- [Recorded information]:
[Start of section]

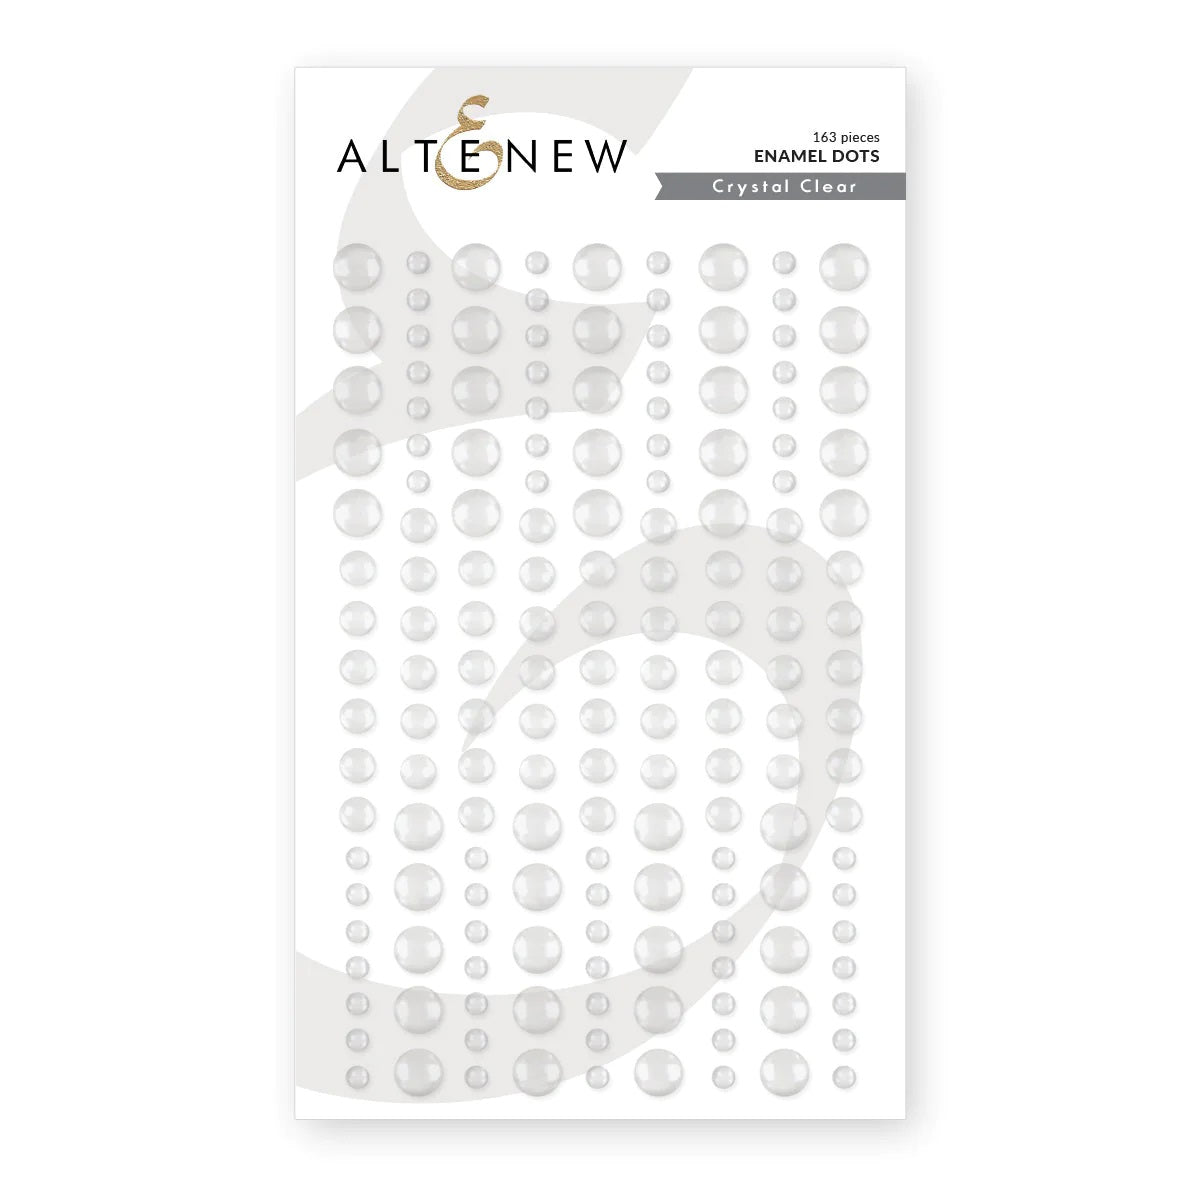 Altenew - Crystal Clear Enamel Dots - The Crafty Kiwi
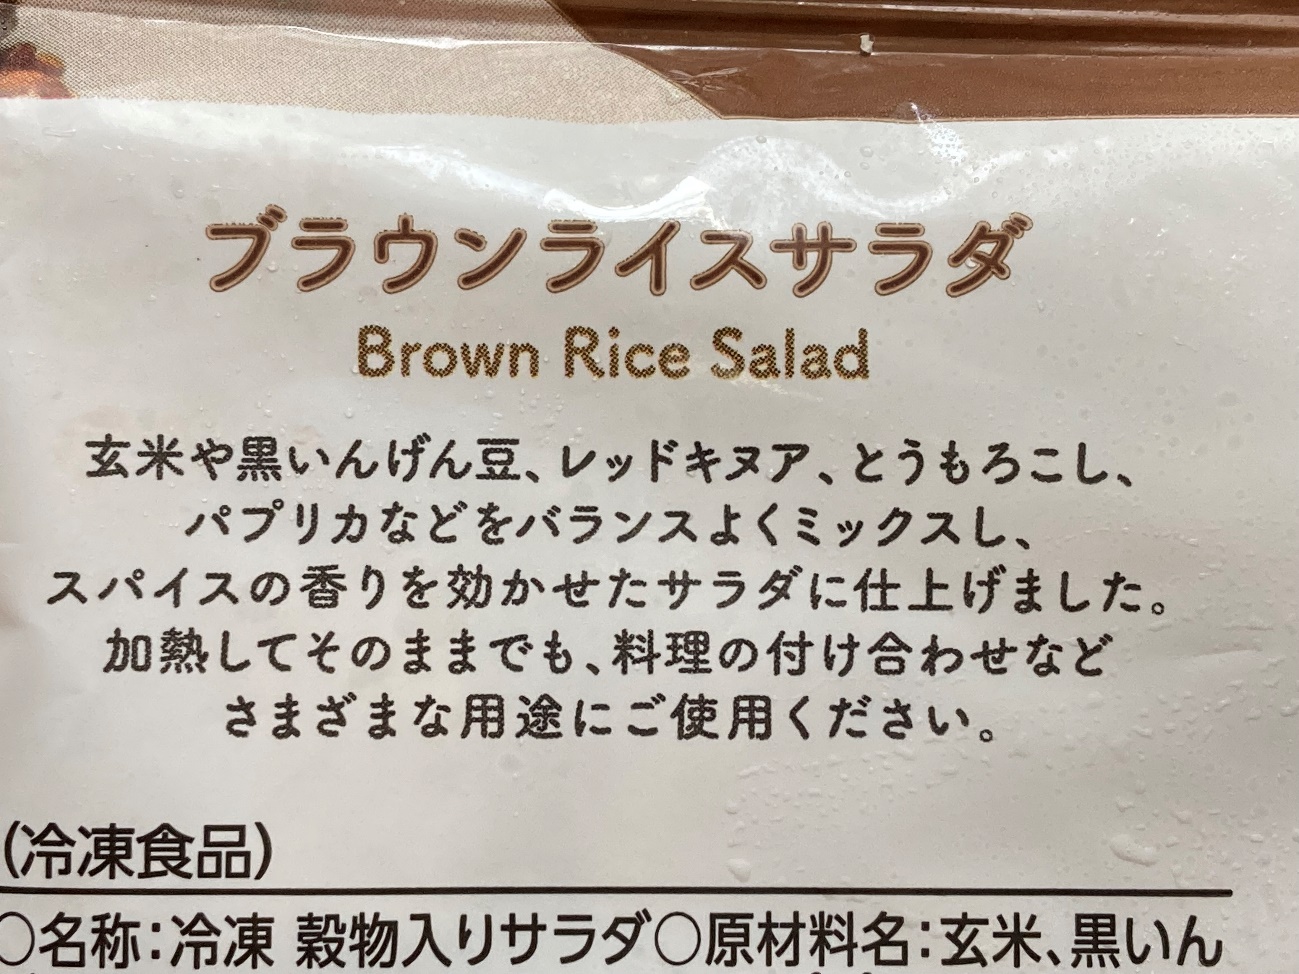 業務スーパーのブラウンライスサラダのパッケージ裏面にある商品説明文
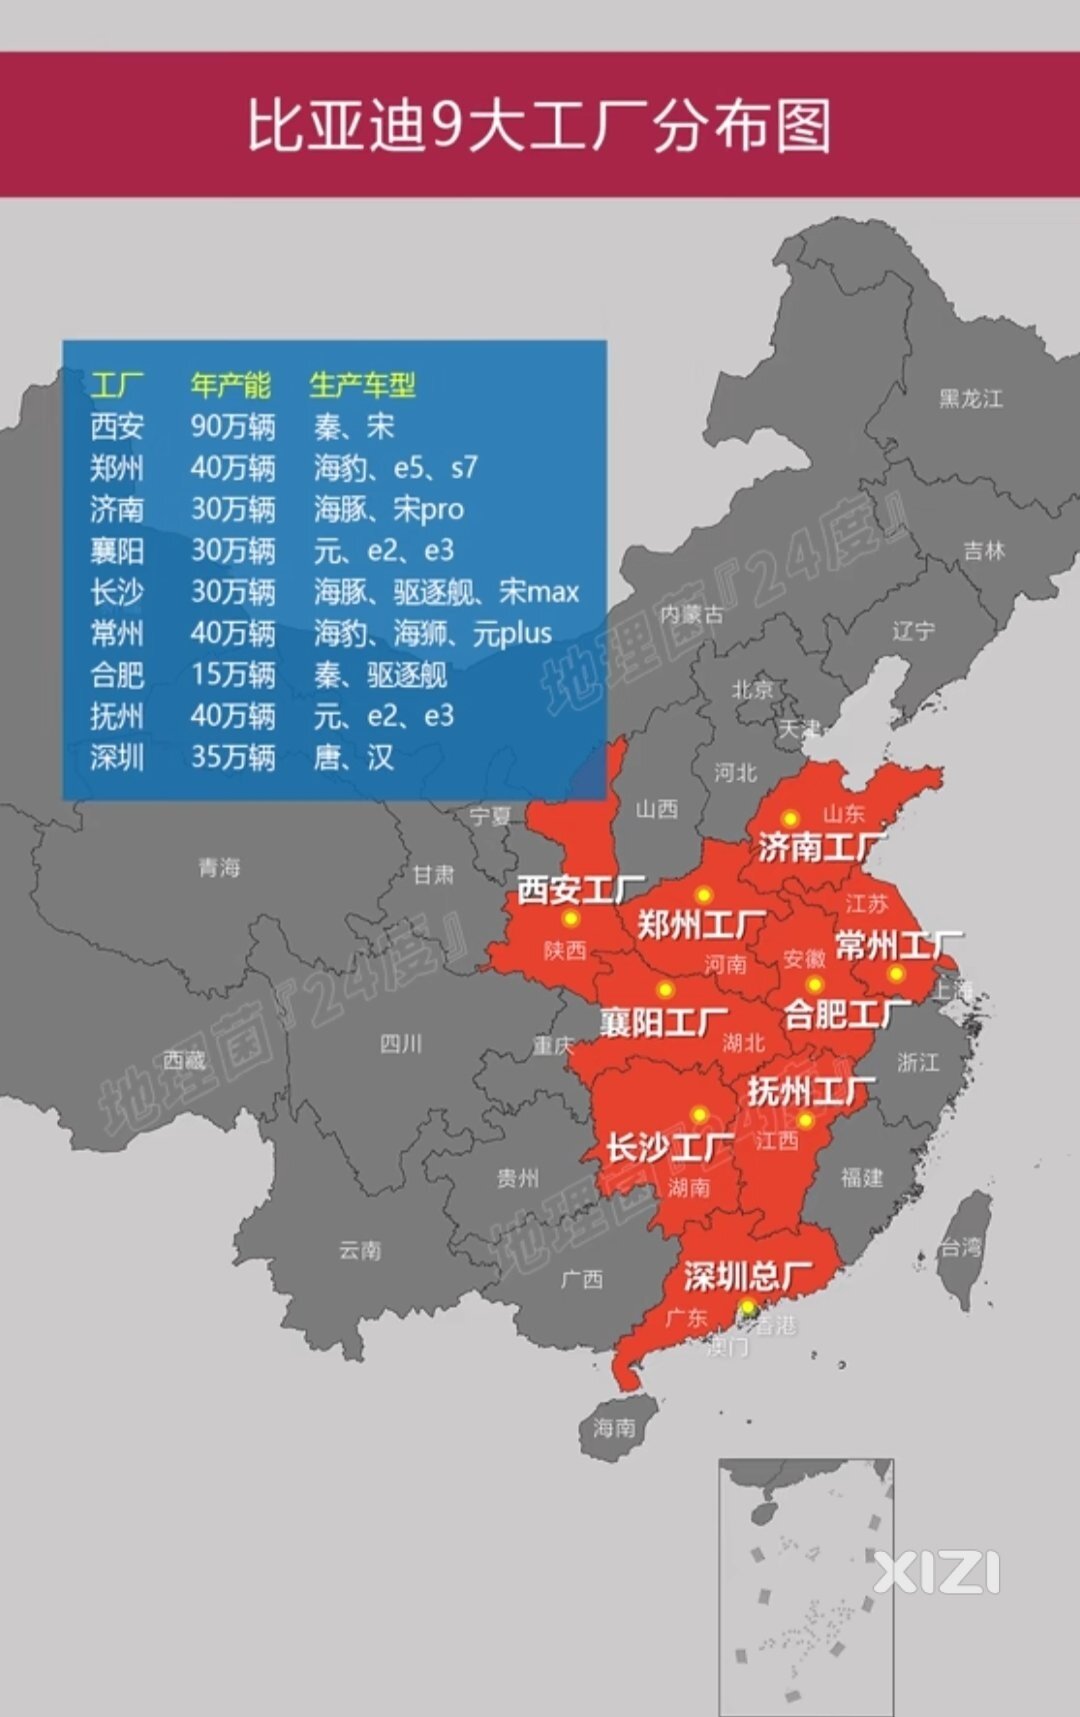 惠州地那么大，要是积极争取划部分大面积地。GDP不止于此啊

[End of section]

- [Work task]:
Could you return the whole listing exactly, with every picture removed?

- [The answer]:
 Altenew - Crystal Clear Enamel Dots - The Crafty Kiwi
 業務スーパーのブラウンライスサラダのパッケージ裏面にある商品説明文
 惠州地那么大，要是积极争取划部分大面积地。GDP不止于此啊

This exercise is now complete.